Exercise goal:
Go to the line with "HAHAHAHHAH. Big Bang Theory" in the entries below and write out every line from there through the line with "Картаев Павел Mail.Ru", exactly and without pictures.

Input for this task:
⁂
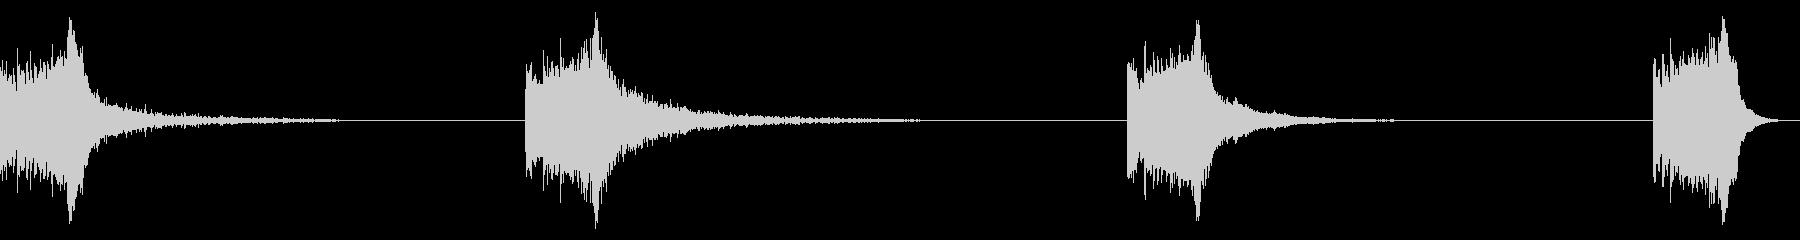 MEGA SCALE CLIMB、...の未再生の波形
⁂
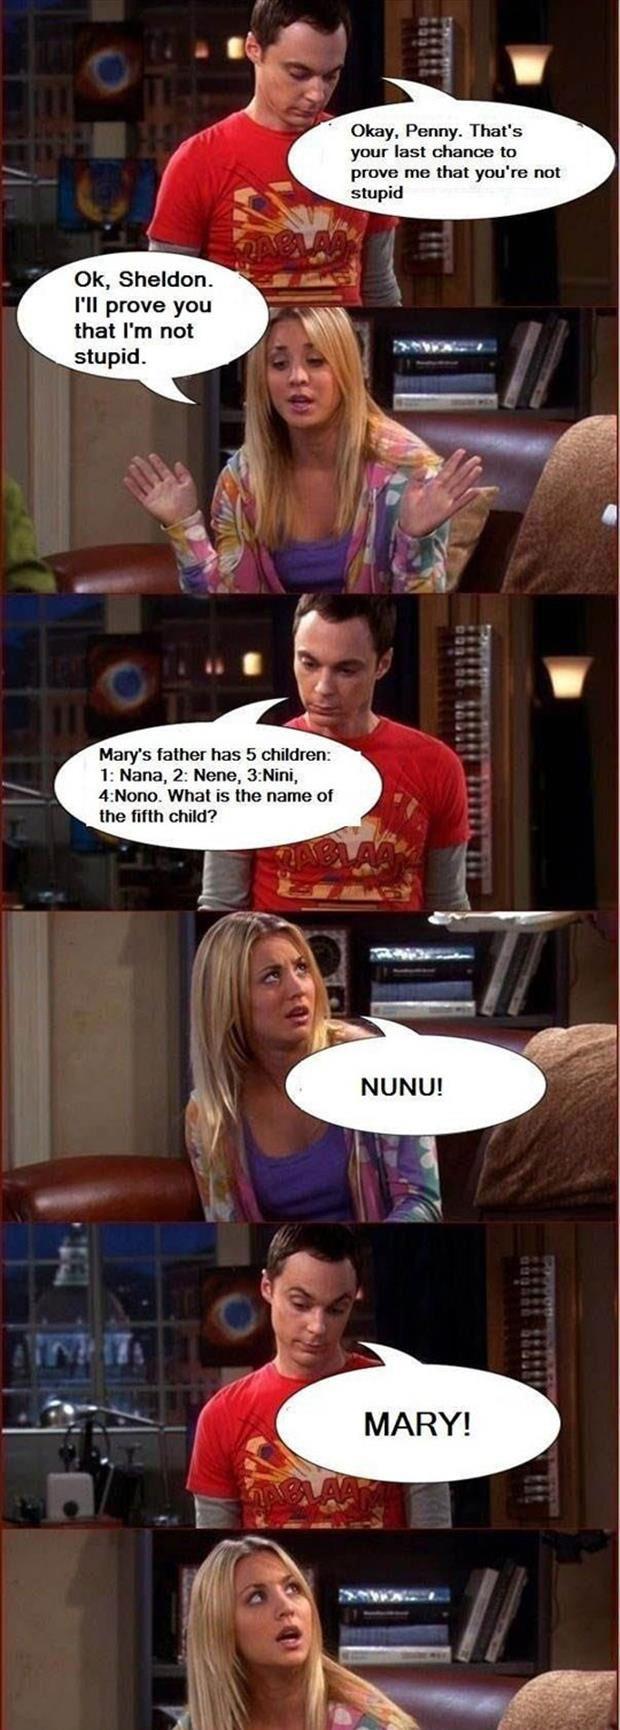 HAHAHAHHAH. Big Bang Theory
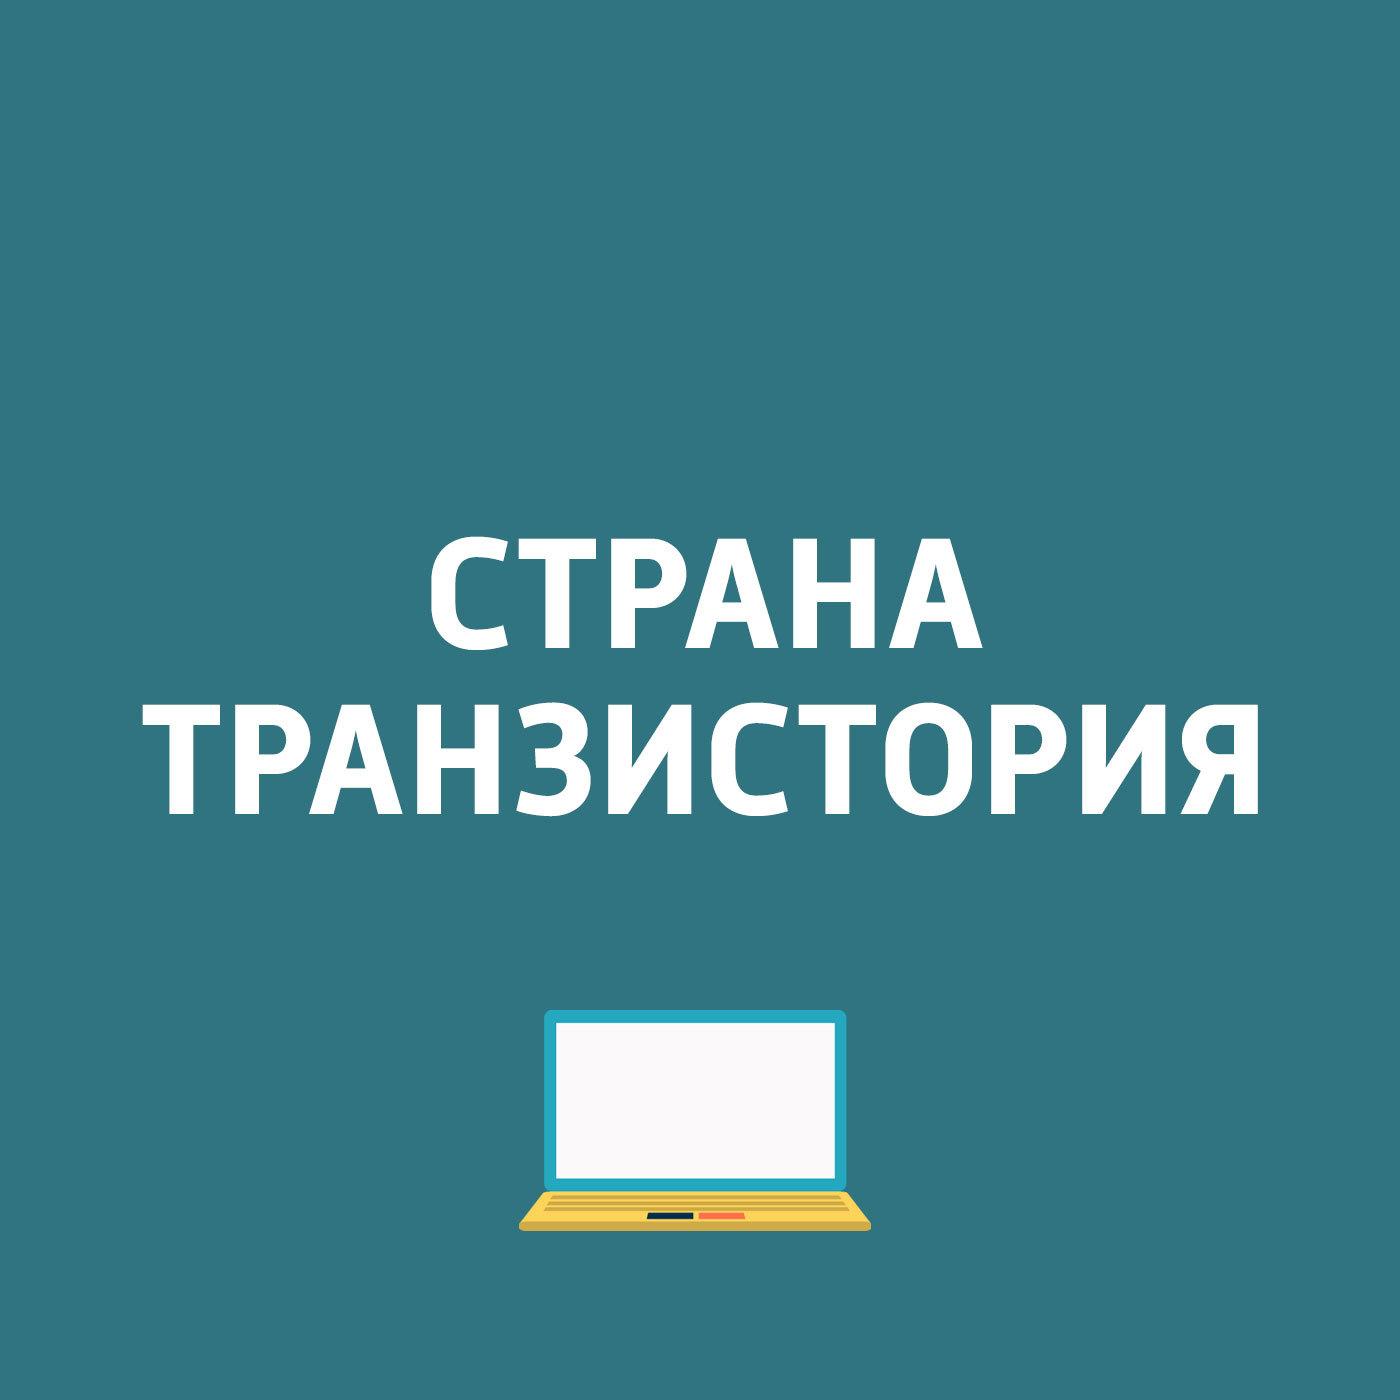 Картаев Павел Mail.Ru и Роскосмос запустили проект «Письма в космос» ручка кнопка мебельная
⁂
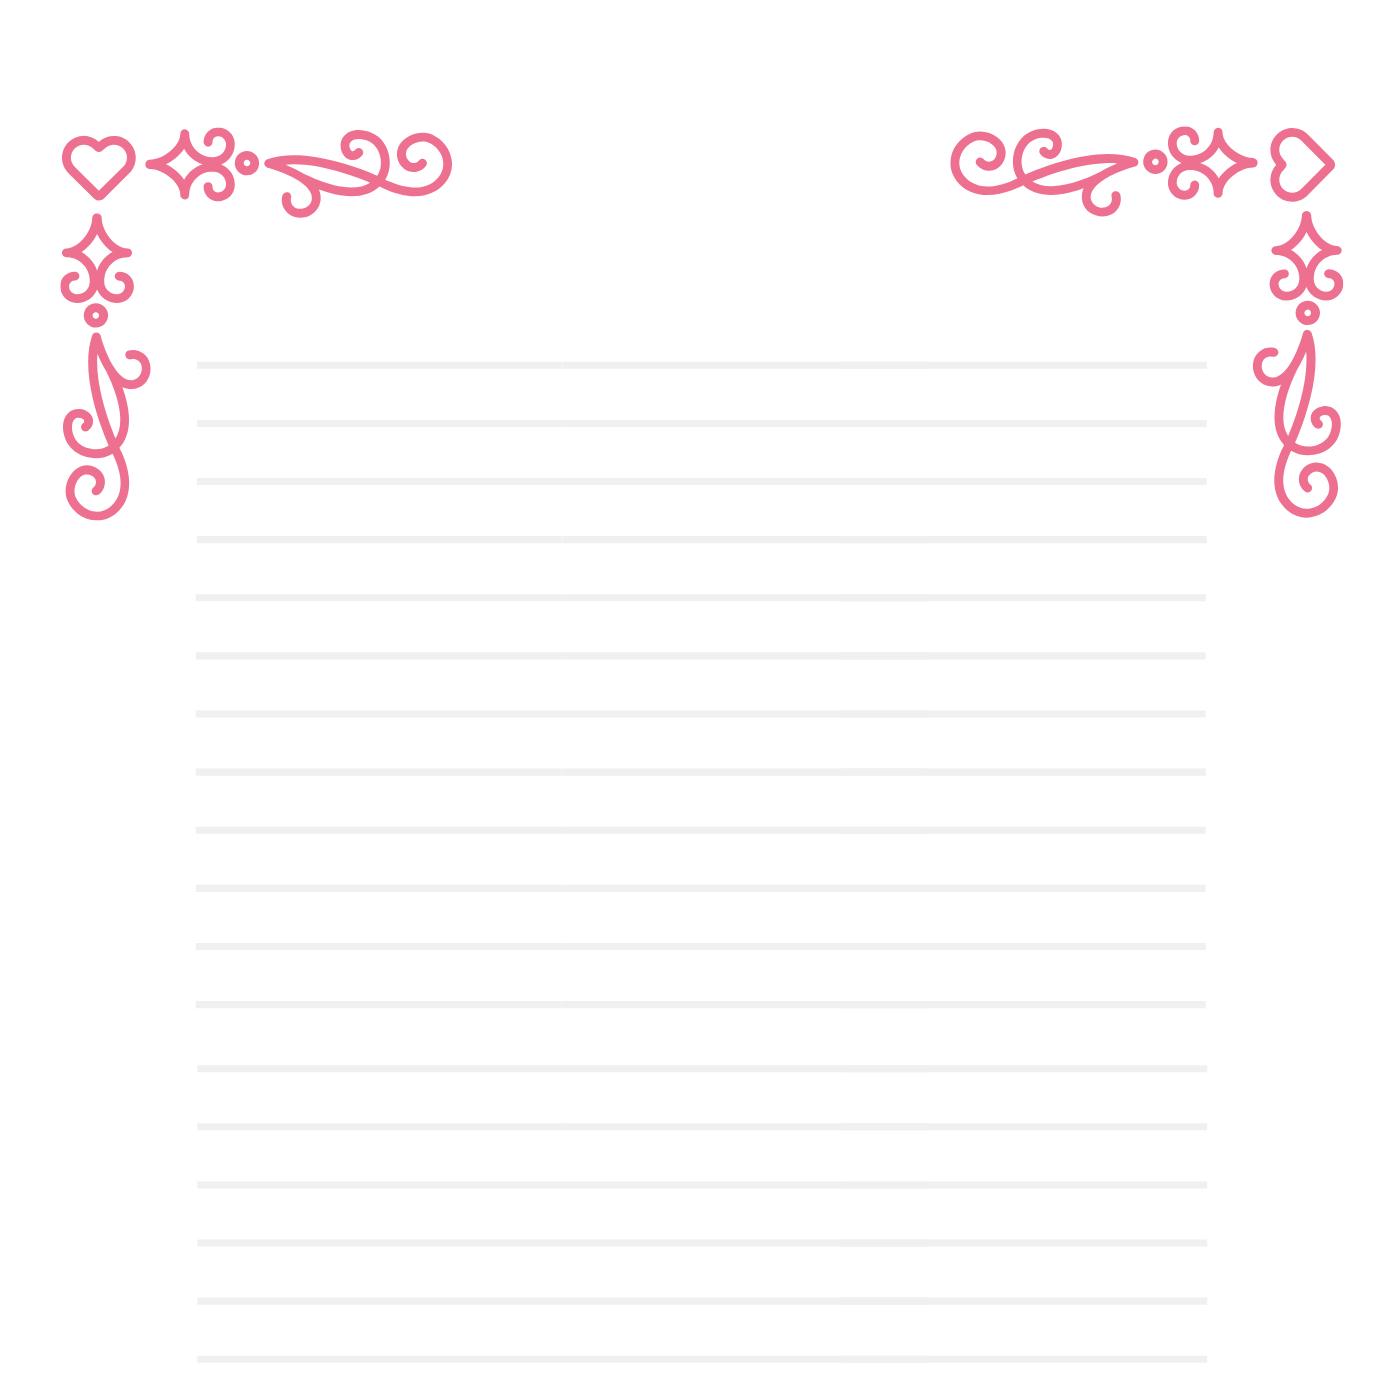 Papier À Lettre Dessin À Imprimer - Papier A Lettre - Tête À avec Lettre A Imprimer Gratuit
⁂
Solution:
 HAHAHAHHAH. Big Bang Theory
 Картаев Павел Mail.Ru и Роскосмос запустили проект «Письма в космос» ручка кнопка мебельная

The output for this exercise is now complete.